Tested disks: 120 GB IDE by Maxtor and by Western Digital (two each), in
all (!) combinations, and a spare Maxtor just to be sure.

Tested IDE cables: 6 (six).

Tested NICs: 3COM 905 and Realtek 8139, in several different PCI slots.

Tested on two different boards (models!) which are proven to otherwise work
just fine.

Weird things:
- all disks work perfectly as long as they're alone on a controller.
- 2x 120 GB on one controller works... as long as you're reading them LOCALLY
  (as opposed to via NFS).
- 120 GB + 40 GB on one controller works, even over NFS.

Workaround: buy extra controller, plug each disk on its own one. So for four
disks, there's the two onboard controllers plus two on the extra PCI card.

My wild guess would be this must be a bug *very* deep in the NFS server; but
why does it work as soon as each disk has its own controller?

If someone here knows enough to explain this, I would really appreciate to
learn what the hey is going on here.

Cheers, Steve

 
 
 

2x 120 GB IDE + NFS server = crash

Post by Jens Zahne » Fri, 24 Jan 2003 06:11:17




[cut of]

Quote:> Workaround: buy extra controller, plug each disk on its own one.
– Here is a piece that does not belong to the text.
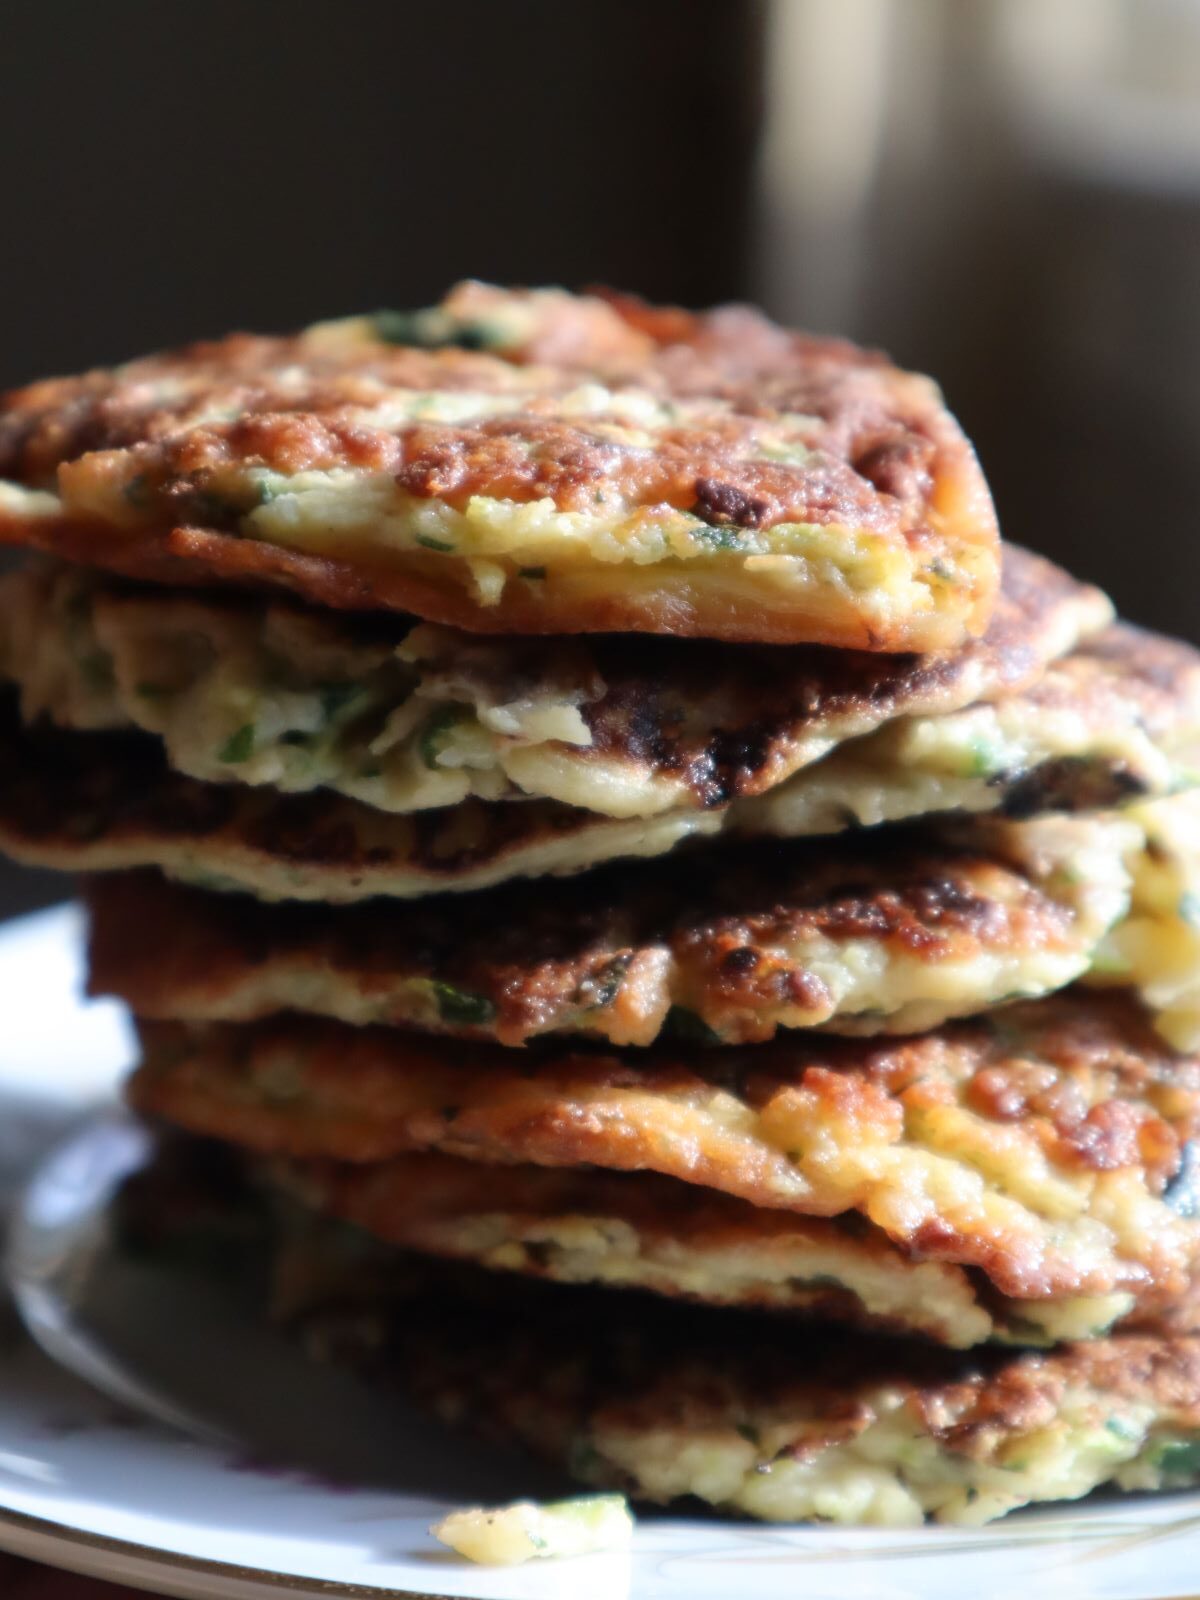 Savory Zucchini fritters/pancakes stacked on a white plate

So for
four
> disks, there's the two onboard controllers plus two on the extra PCI card.

> My wild guess would be this must be a bug *very* deep in the NFS server;
but
> why does it work as soon as each disk has its own controller?

I don't think that this is a bug in the nfs-server, what controller are you
using?
Have you tested it, by producing heavy load on both harddrives from the same
machine
(e.g. copying much data from 2 other local drives to your drives connected
to your controller).

Quote:> If someone here knows enough to explain this, I would really appreciate to
> learn what the hey is going on here.

Greetings
Jens

 
 
 

2x 120 GB IDE + NFS server = crash

Post by Georg Ach » Fri, 24 Jan 2003 07:17:05




|> Hello all,
|>
|> here's a weird one:
|>
|> Plug two 120 GB IDE disks on the same IDE controller, mount and export them via
|> NFS, have two (or more) clients access them heavily. Crashes withing below 15
|> minutes, 100% of the time.

Which kernel/distribution? We've seen similar crashes with a (obvioulsy
pre-release) version of Suse 8.1 with 2.4.19. It got stuck during IDE accesses
(the LED was on), the last kernel messages (after killing klogd) were "hdx: lost
interrupt". A self compiled kernel fixed it.

--

         http://wwwbode.in.tum.de/~acher
         "Oh no, not again !" The bowl of petunias

 
 
 

2x 120 GB IDE + NFS server = crash

Post by Steve Schmi » Sat, 25 Jan 2003 05:00:29



Quote:> what controller are you using?

The crashes were reproducible with both Gigabyte GA-7ZXE (VIA KT133A
chipset) and GA-7VAX boards (VIA KT333 chipset).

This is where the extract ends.